MDR forms with 2 Zn2+ and no Zn2+
| 0 Zn2+ | 2 Zn2+ | |
|---|---|---|
| Archaea | 5 | 28 |
| Bacteria | 3907 | 3395 |
| Eukaryota | 1041 | 1994 |
The numbers show number of MDR forms with no Zn2+ and with 2 Zn2+ in each kingdom.
Figure 3Venn diagram of kingdom representation in MDR families. This diagram illustrates the presence of sequences from the different kingdoms in the MDR families with number (and proportion). Each circle encapsulates those families that have at least one sequence from that corresponding kingdom. Blue (top) denotes bacteria, red (left) denotes archaea, and green (right) denotes eukarya. Intersections encapsulate families having at least one member sequence from the corresponding kingdoms.

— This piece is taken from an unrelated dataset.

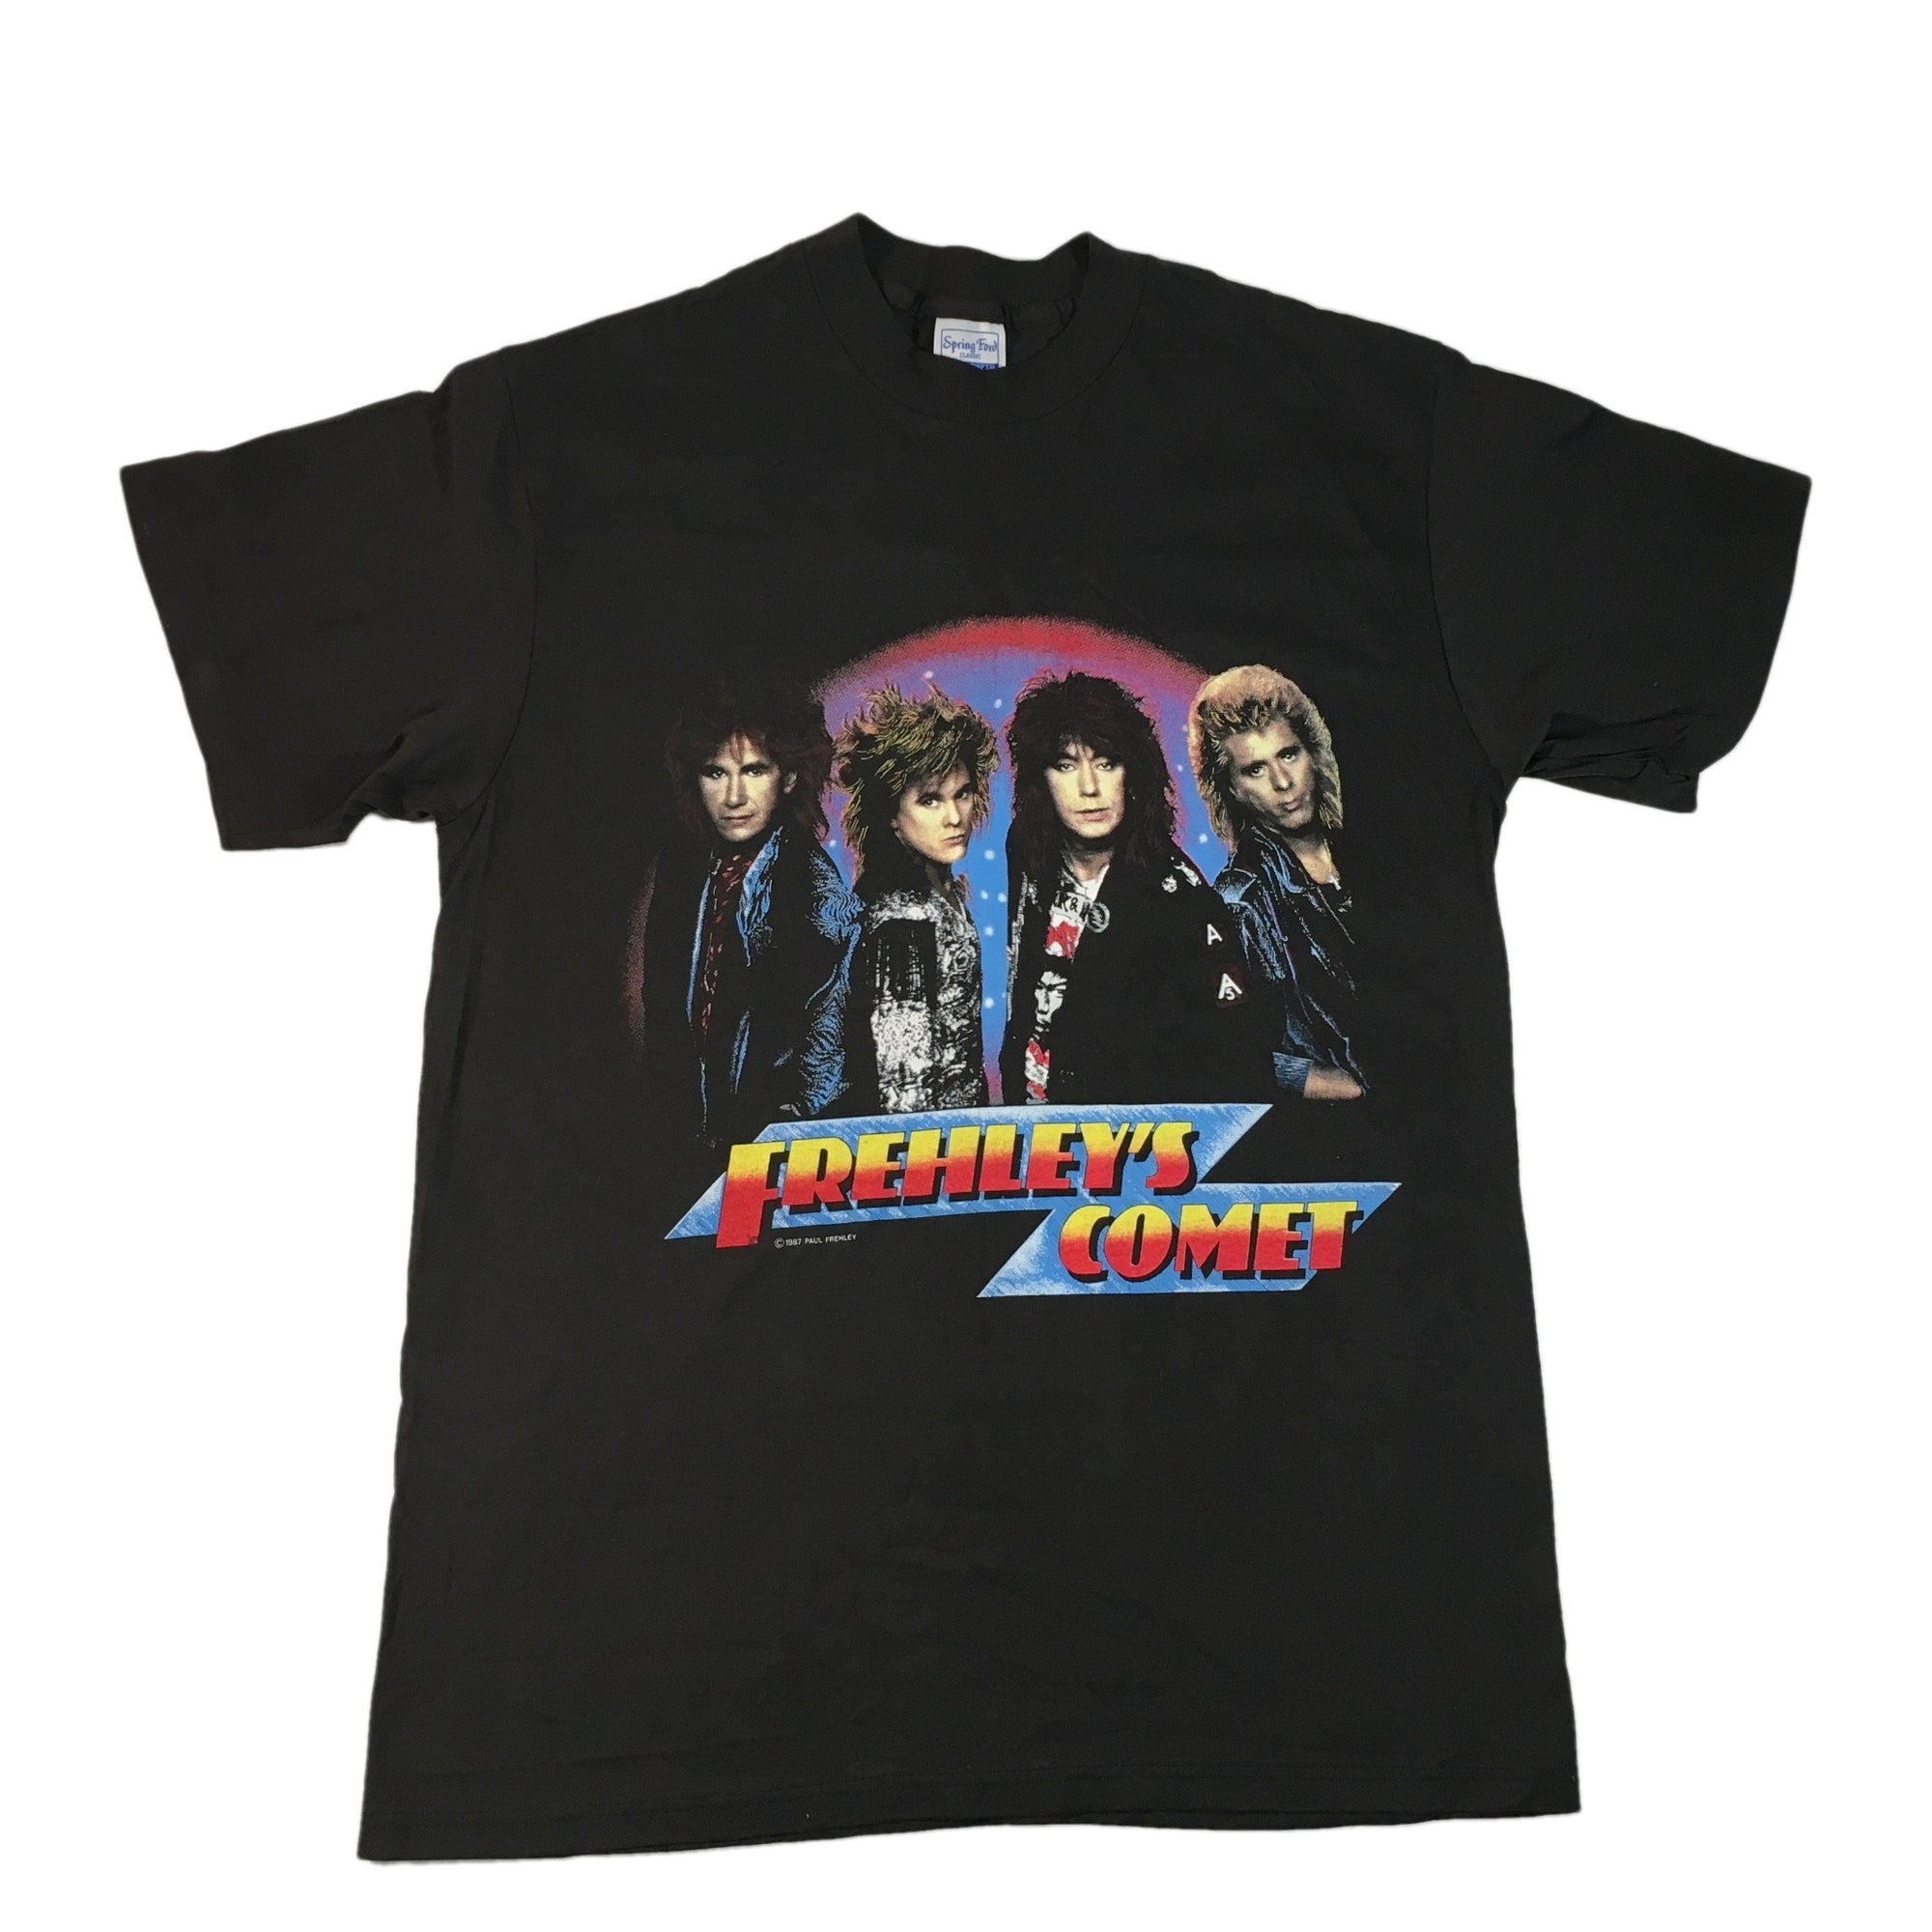 Vintage Frehley's Comet "Second Sighting" T-Shirt - jointcustodydc

Figure 4Species distribution in MDR families. The species distribution in the individual families is shown using a gradient from white to dark blue (0% to 100% of the family). The columns represent the species groups A - archaea, B - bacteria, Pla - plants, Inv - invertebrates, Ver - vertebrates, Mam - mammals, Rod - rodents, Pri - primates. The families are ordered according to the MDR family enumeration. The numerical values underlying this figure are available in Additional file 5: mdr-distribution.
Domain conservation ratios.
| Family | Name | Catalytic | Coenzyme | Ratio |
|---|---|---|---|---|
| MDR005 | PDH | 28 | 8 | 3.50 |
| MDR080 | bPDH | 97 | 32 | 3.03 |
| MDR070 | 30 | 10 | 3.00 | |
| MDR013 | FDH | 39 | 13 | 3.00 |
| MDR047 | 47 | 20 | 2.35 | |
| MDR075 | 65 | 28 | 2.32 | |
| MDR032 | bADH2 | 60 | 27 | 2.22 |
| MDR065 | 41 | 19 | 2.16 | |
| MDR076 | 43 | 20 | 2.15 | |
| MDR004 | QORX | 17 | 8 | 2.13 |
| MDR002 | PTGR | 7 | 14 | 0.50 |
| MDR035 | 12 | 27 | 0.44 | |
| MDR003 | FAS | 8 | 18 | 0.44 |
| MDR008 | VAT1 | 10 | 37 | 0.27 |
This table shows the number of strictly conserved positions in the catalytic and coenzyme binding domains, respectively. Furthermore, the ratio between these numbers is calculated. The table only lists families with a ratio of 2 or more and of 0.5 or less.
Characteristics for different inclusion control strategies.
| Strategy | Families | Sequences | Reiterations | Subsets |
|---|---|---|---|---|
| I, exclusive | 92 (15) | 10401 | 6 | 22 {16} |
| II, intermediate | 86 (2) | 11579 | 4 | 34 {14} |
| III, inclusive | 85 (2) | 11657 | 2 | 36 {15} |
Three different strategies for inclusion control were employed, affecting the number of resulting HMMs as well as their composition and relations. Roman numerals denote the different strategies, in increasing order of inclusiveness. Parenthesised numbers show the number of HMMs that were not affixed with the "reliable" qualifier, due to having too few non-spurious sequences in their seed sets. Numbers in braces denote the number of families having such subsets.
In strategy I, all seed sequences failing the leave-one-out check were excluded. In strategy II, only seed sequences with domain scores lower than noise level were excluded. Additionally, for a left-out seed sequence to be excluded in strategy III, its domain score must fall below 90% of the lowest domain score among the remaining seed sequences.